What amount of energy needs to be removed from 0.75 pounds of silver to cool it from 110°F to 75°F? Assume silver has a density of 10.49 \[\dfrac{g}{cm^{3}}\]

Strategy

Use equation 10.5 on pg. 351 \[q= m\cdot C_{s}\cdot \Delta T\]

From Table 10.2 on pg. 351, for silver C_s = 0.235 \[\dfrac{J}{g\cdot ^{\circ}C}\]

First convert 0.75 pounds of silver to grams.

\[0.75 lb\cdot 453.6\dfrac{g}{lb}=340.2 g\]

Convert temperatures from °F to °C with the conversion °C = (X°F – 32°F)/1.8

110°F – 32°F/1.8 = 43.3°C

75°F – 32°F/1.8 = 23.9°C

Using equation 10.5 \[q=340.2g\cdot 0.235\dfrac{J}{g\cdot C} \cdot \left ( 43.3 C-23.9 C \right )=1551 J\]

Q10.43

20 g of each substance is initially at \[25^{\circ}C\]. If 2.10kJ of heat is absorbed, what is the final temperature for each substance?

Lead
Copper
Iron
Ethanol

Strategy

First, convert the amount of heat absorbed from 2.10 kJ to J by using the conversion factor 1 kJ/1000 J.
Next, find the specific heat capacities of each substance. This will be used in the formula.
Finally, use the formula “heat = mass X specific heat capacity X change in temperature” and plug in all the information known leaving the change in temperature as (x-25).
Solve for x.

Solution

\[2.10kJ \cdot \dfrac{1000J}{1kJ}= 2100J\]
1. \[Lead= 0.128 \dfrac{J}{g} \cdot ^{\circ}C\]
2. \[Copper= 0.385 \dfrac{J}{g} \cdot ^{\circ}C\]
3. \[Iron= 0.449 \dfrac{J}{g} \cdot ^{\circ}C\]
4. \[Ethanol= 2.42 \dfrac{J}{g} \cdot ^{\circ}C\]
1. Lead \[2100J=20g \cdot 0.128\dfrac{J}{g \cdot^{\circ}C} \cdot (x-25)\]
2. Copper- \[2100J=20g \cdot 0.385\dfrac{J}{g \cdot^{\circ}C} \cdot (x-25)\]
3. Iron- \[2100J=20g \cdot 0.449\dfrac{J}{g \cdot^{\circ}C} \cdot (x-25)\]
4. Ethanol- \[2100J=20g \cdot 2.42\dfrac{J}{g \cdot^{\circ}C} \cdot (x-25)\]
1. Lead- Final temperature= \[845^{\circ}C\]
2. Copper- Final temperature= \[298^{\circ}C\]
3. Iron- Final temperature= \[258^{\circ}C\]
4. Ethanol- Final temperature= \[68^{\circ}C\]

Q10.49

Calculate ΔE and ΔH for the evaporation of 1 mol of H₂O at a constant pressure. The reaction exerts 2468 kJ of heat and does 14 kJ of work.

Strategy

Realize ΔE_system= q + w (where q= heat and w=work), and the system is the material or process within which we are studying the energy changes in and the surrounds are everything else with which the system can exchange energy with. ΔE is a measure of the system's total energy.
Realize ΔE_universe= ΔE_system+ ΔE_surrounding and ΔE_universe is constant, therefore when added together ΔE_system and ΔE_surroundings should add up to 0.
When energy flows out of a system ΔE_system <0, and when energy flows into a system ΔE_system>0
Realize at a constant pressure ΔH = q_pwhere q_p is heat at a constant pressure. ΔH is defined as the summation of the system's internal energy and the product of its pressure and volume. Since the pressure in this case is constant it is equal to the negative work and cancels out with the work from the energy equation giving us the equation ΔH = q_p.q is equal to the heat.
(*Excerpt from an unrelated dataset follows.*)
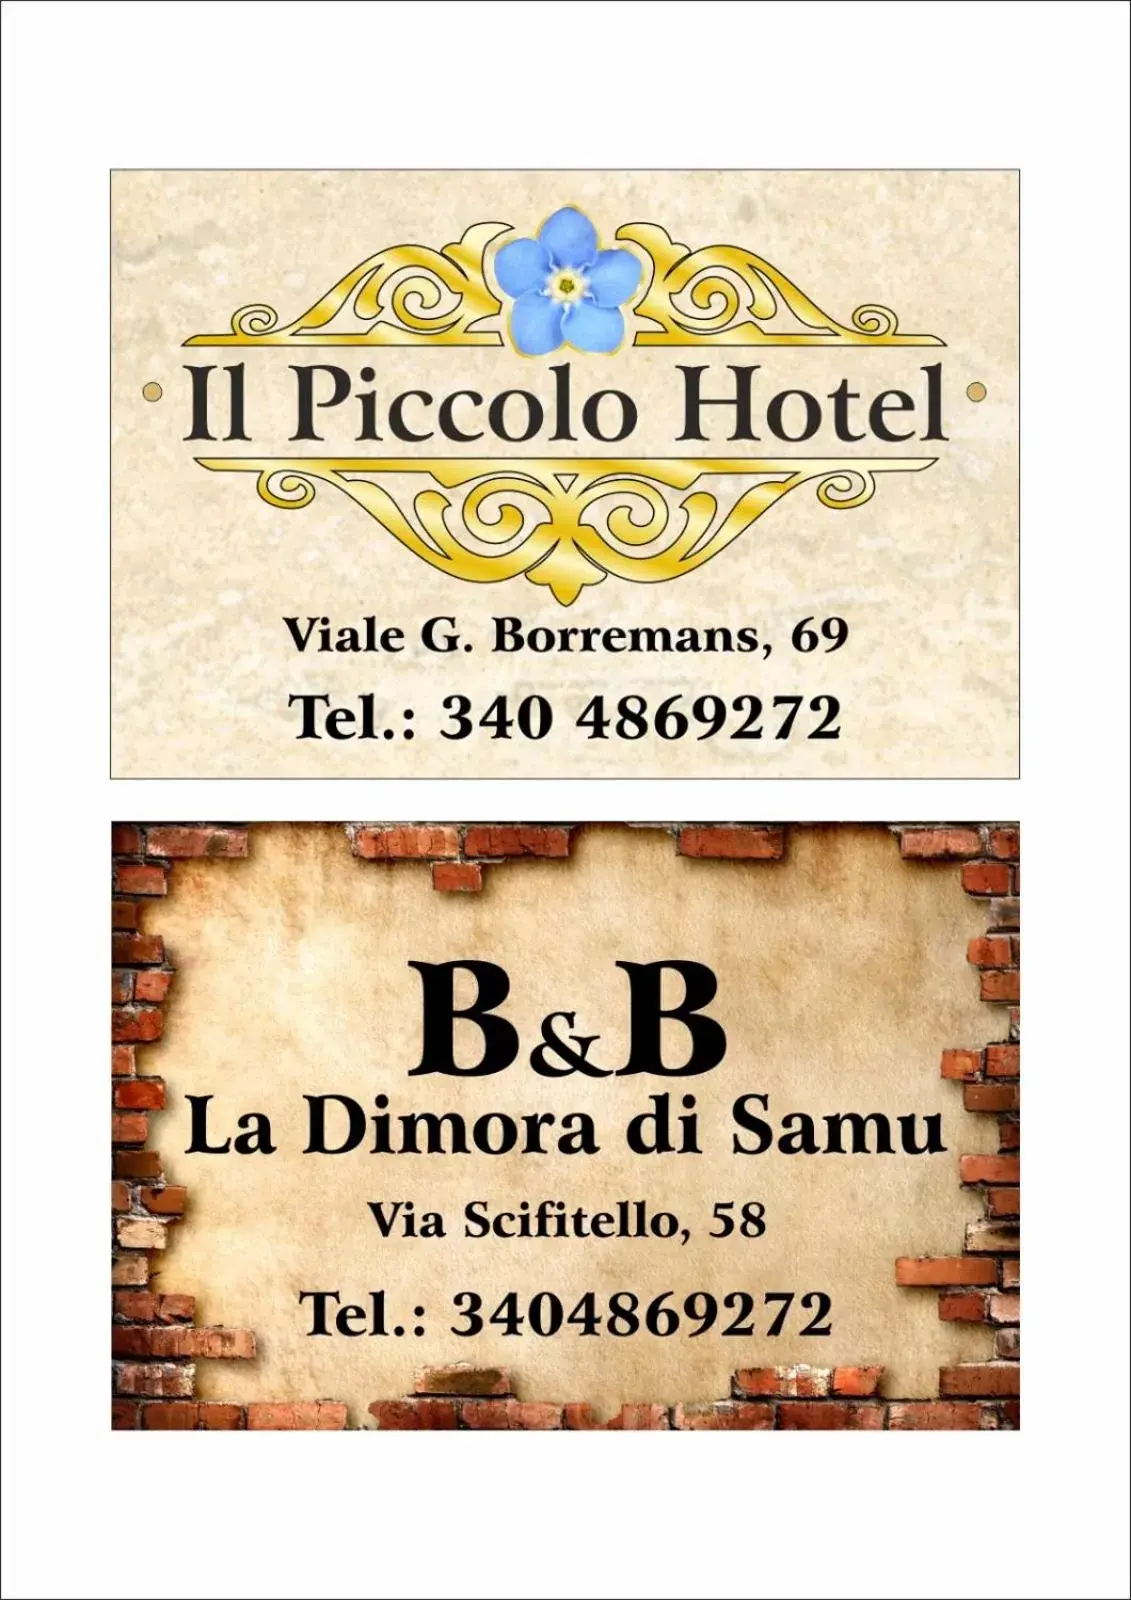 Logo/Certificate/Sign in Il Piccolo Hotel
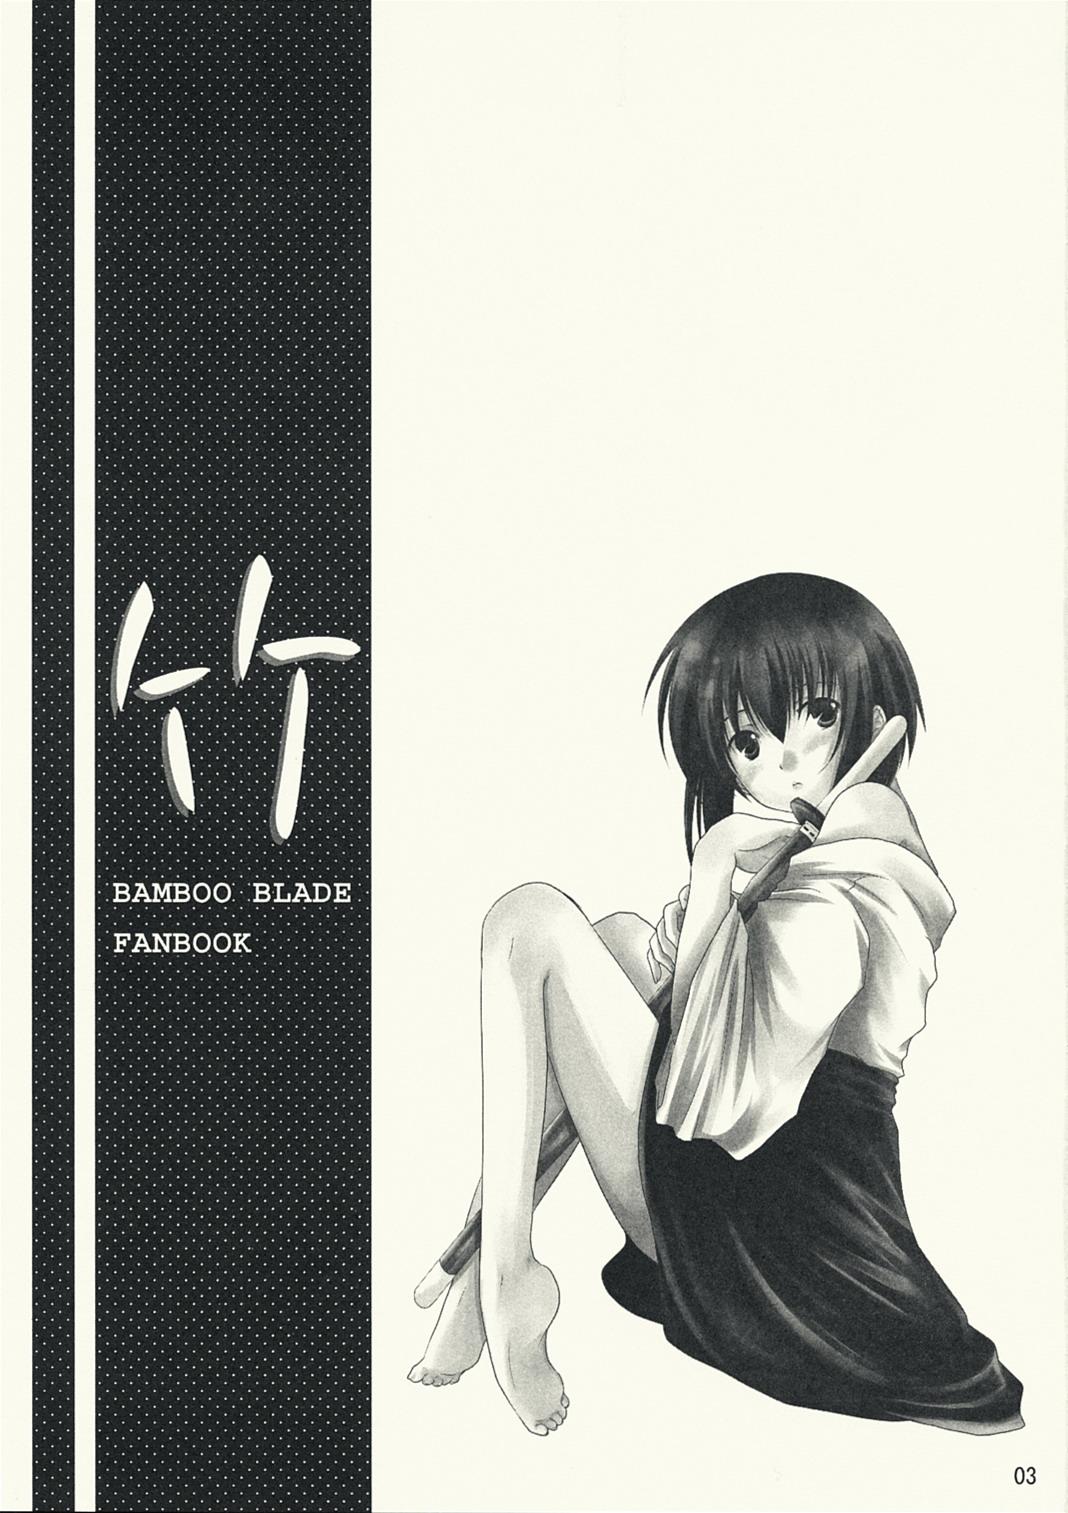 Japan Take - Bamboo blade Ass - Page 3

A. Realize that 2468 kJ is the amount of heat the reaction gives off and 14 kJ is the amount of work the reaction does

B. Realize that the reaction is both giving off heat and exerting work therefore the values will be negative

C. Take the values of both heat and work and add them together to get ΔE.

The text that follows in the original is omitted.